Why? First, because the wealthiest countries of the 20th century are over-invested in the past. 

  • Politically, they are hindered by powerful economic actors with vested interests in maintaining the status quo – or at least in delaying change as long as possible. High-growth markets, on the other hand, have the capacity to more easily jump to new models and paradigms, rather repeating the economic development steps taken by their historical forebears.

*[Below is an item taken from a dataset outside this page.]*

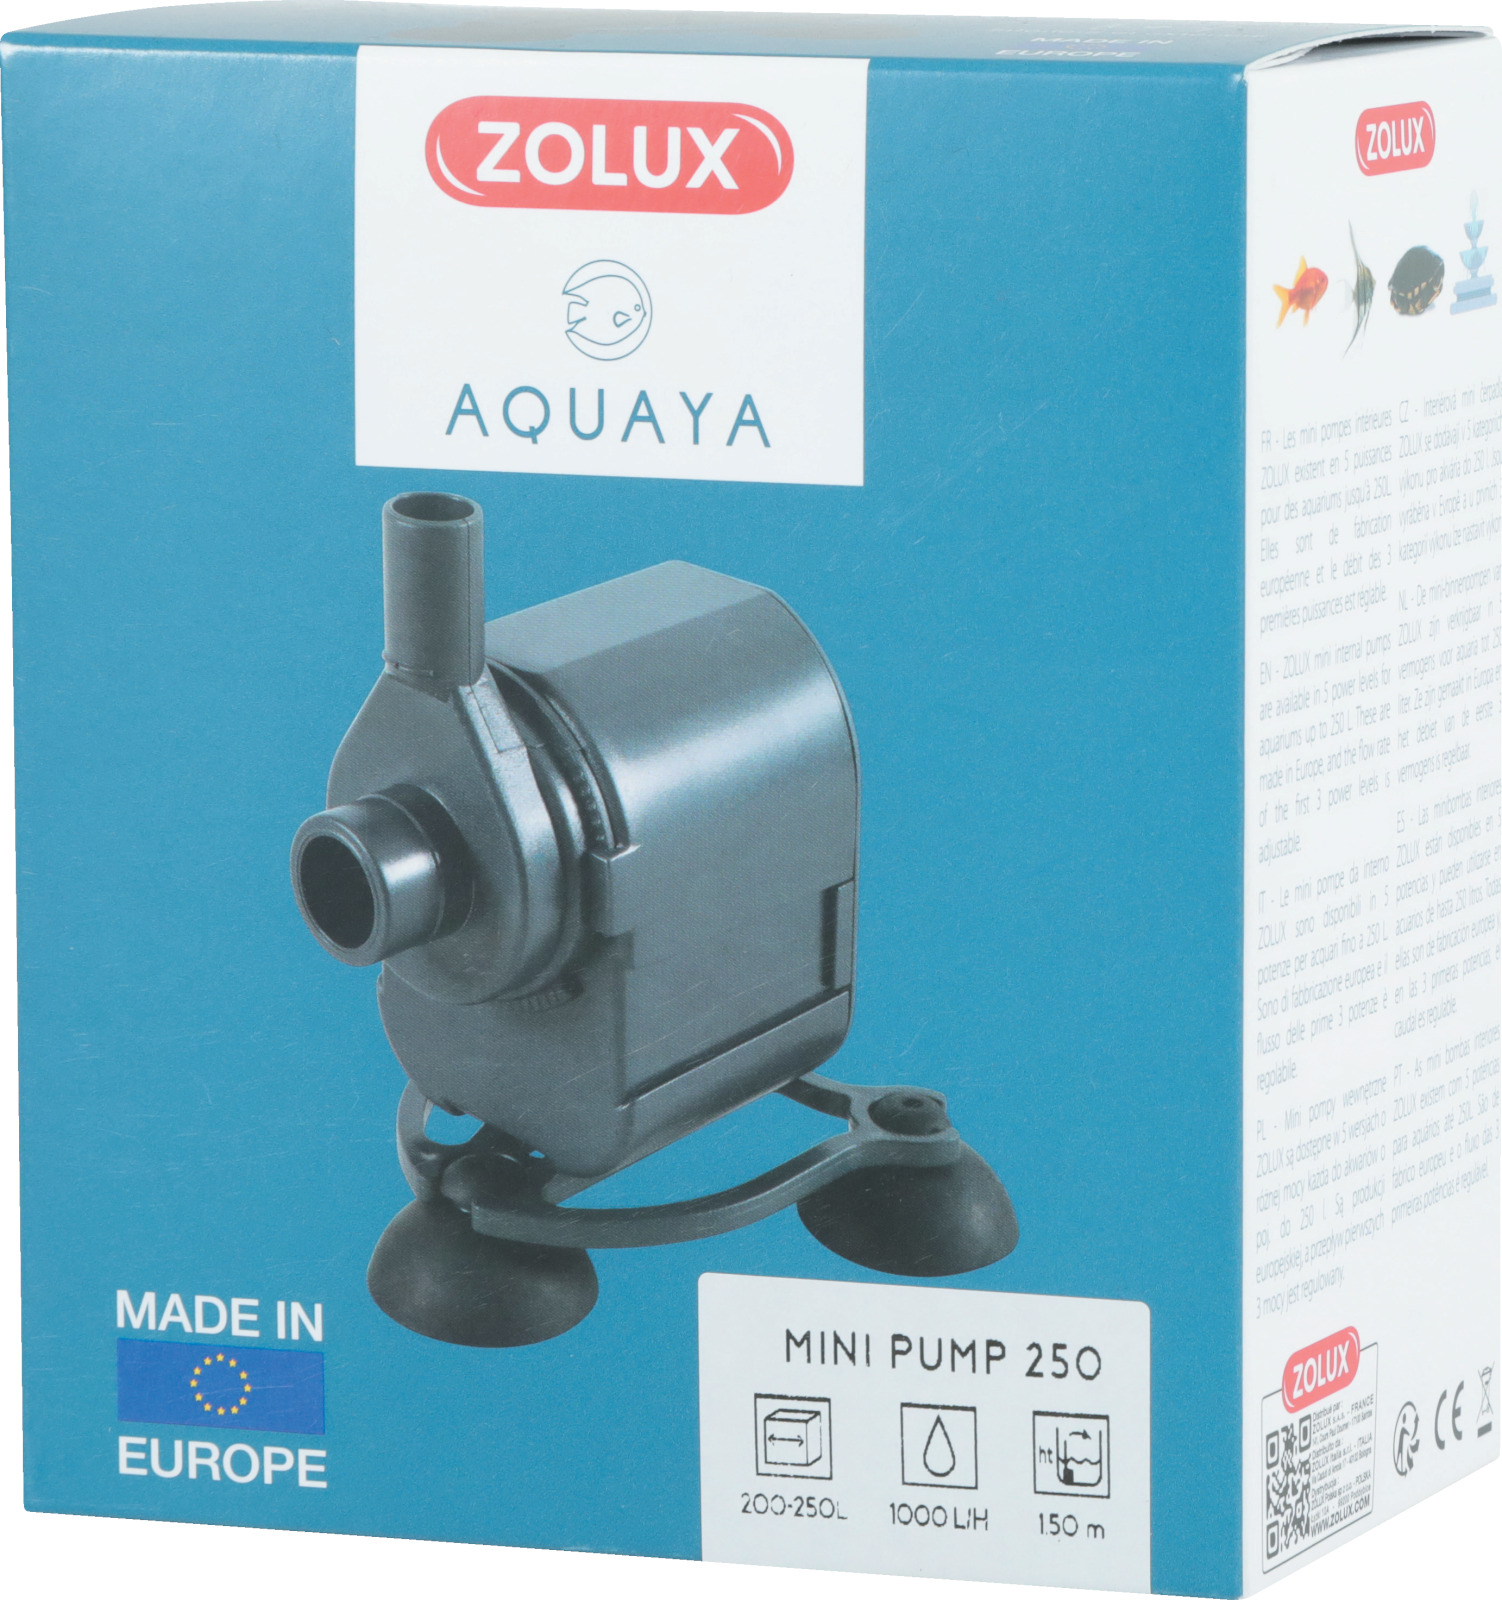 ZOLUX Aquaya Mini Pump 250 pompe avec débit fixe de 1000 L/h pour aquarium de 200 à 250 L

Second, because they must.

  • These countries cannot afford to continue building their economies based on the inefficient, dirty models adopted in the late 19th and 20th centuries, when fossil-fuel energy was both cheap and superabundant. Not only are fossil fuel supplies insufficient, both their national and global environments are already too damaged to make following the same route once again a possibility.
  • The demographics and economic growth of these countries create enormous demand for energy. First the populations are huge, growing, and becoming more affluent. The result is pressure: Per-capita appetite for energy is growing. These populations are also predominantly youthful. While Western environmental policies are motivated by improving the outlook for future generations, the future generations of China, India and other developing nations are already on earth — and in numbers equivalent of several future generations of Americans or Western Europeans.
  • Finally, population densities in these countries are much higher than those seen in the history of the wealthy nations, meaning that the pain of polluting and wasteful approaches has a more immediate and severe impact on quality of life.

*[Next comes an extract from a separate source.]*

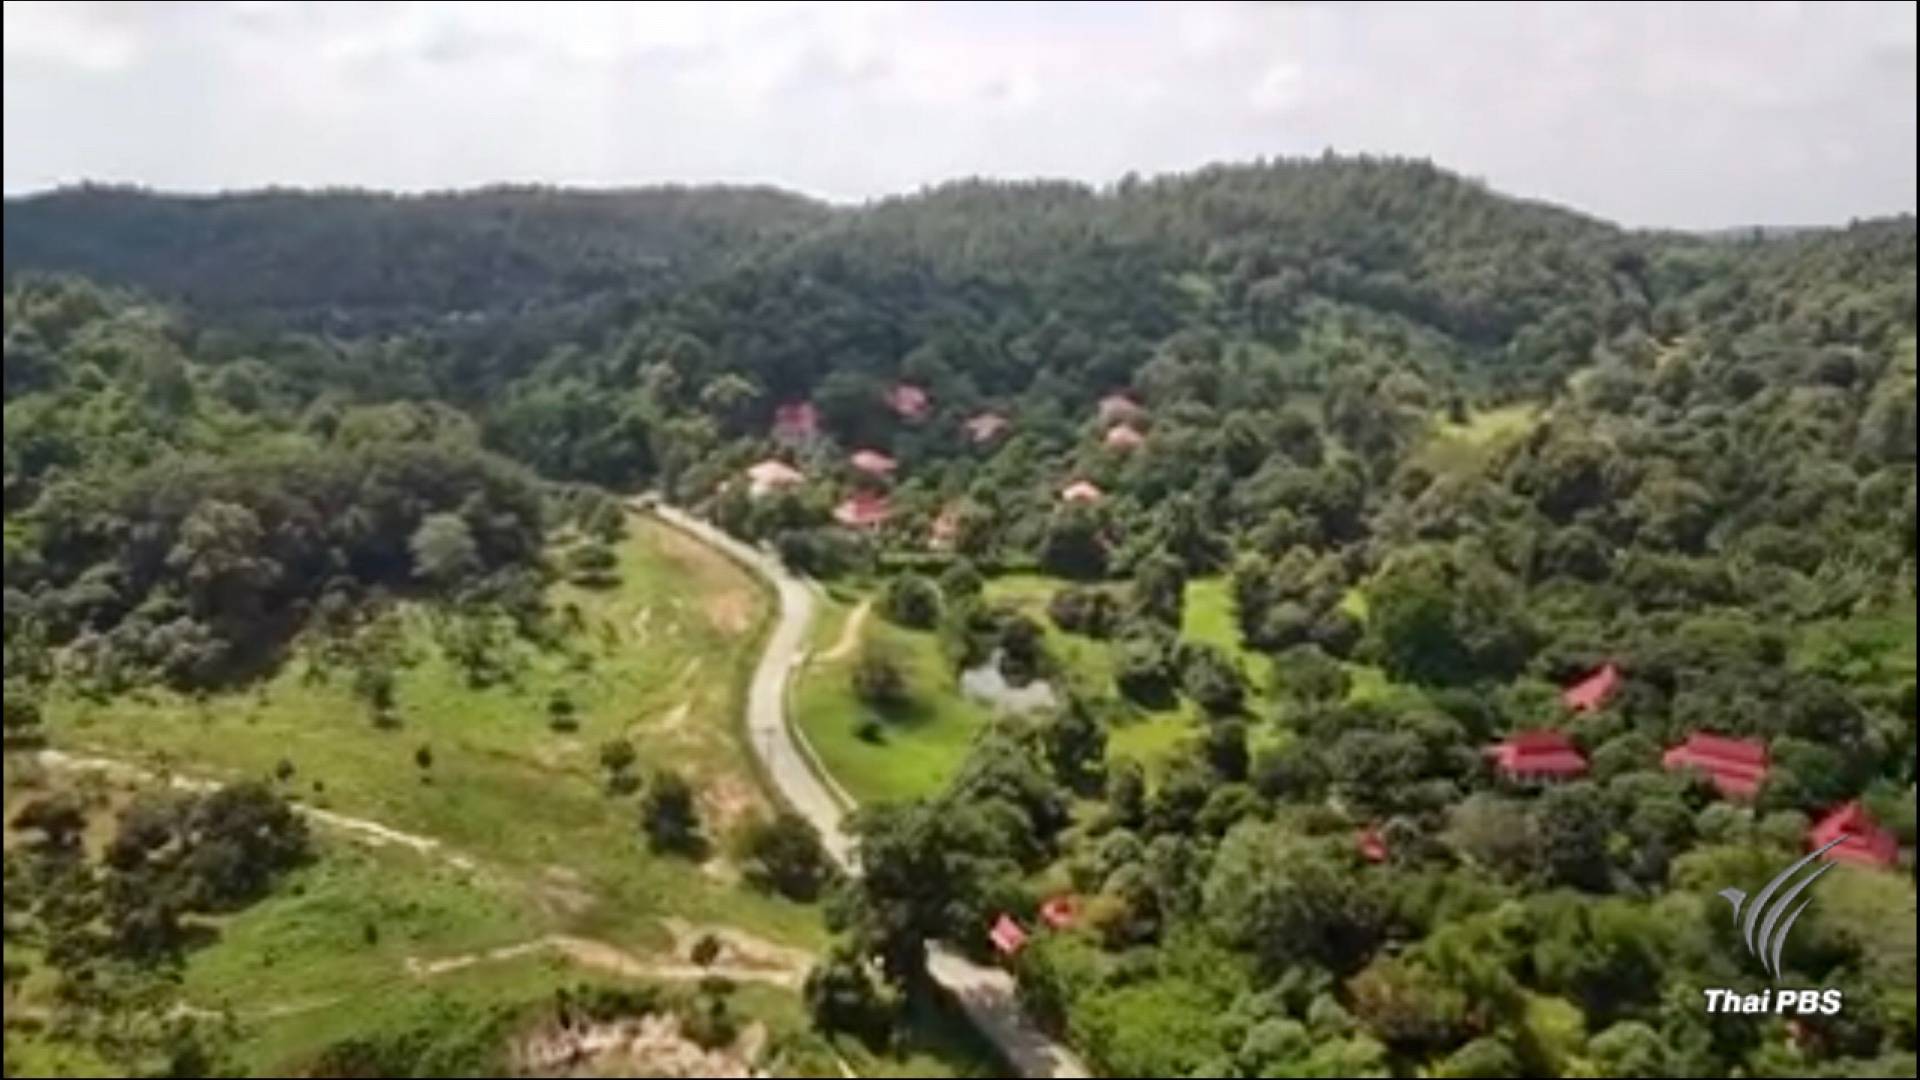 บินสำรวจ ”หุบเขาไฮโซ” เชียงใหม่พบบ้านหรู-รีสอร์ทรุกป่า 18 จุด

I don’t believe that these countries must generate all the technical innovation necessary to enable new, clean energy models from within. My prediction is simply that they are best-positioned to show the world how to implement these models and prove how they can work on a mass scale. This not only can happen, in my view, it is a key prerequisite for improving global human prospects. Once deployed successfully in economies of the one billion people range, green energy technologies would gain economies of scale that would make them much more easily adoptable by the rest of the planet — even in the poorest of nations would then leap at the opportunity to follow suit.

Let me explain that point: Today, the biggest barrier in the way of acting on the impulse to do the right thing, i.e. deploying sustainable energy infrastructure, is the fact that 20th-century fossil-fuel based systems are the “safe,” default option. They’re inexpensive (in terms of capital expenditure per power-generation capacity), they guarantee the big capacity that energy-hungry nations need, and reliable professional expertise on how to build and run them is abundant. And of course, they come from mature, competitive industries — if you have the capital to spend, a large number of established companies will come and fight to make you the best offer. More importantly, banks are willing to offer loans to build such tried-and-true technologies — the business cases are well known. The alternative approaches that we must pioneer in the 21st century, by contrast, require much harder work in terms of due diligence, appear significantly more expensive (i.e. capex per megawatt) and require a greater stomach for financial risk. It’s unexplored territory.

My hypothesis is that any significant initiative in China or India, based on sheer size alone, would dissolve much of the above barrier. Based on economies of scale, it would reduce prices dramatically, establish a track record and clearer business-case assumptions, thus reducing perceived financial risk and freeing up credit. Thus, the enlightened self-interest of these countries stands to serve as an essential engine for the greening of the planet as a whole.

These are my current bedrock assumptions, subject to challenge of course. Entries in the 21st Century Power weblog will hopefully bring news, data and insight that relates to the above hypothesis.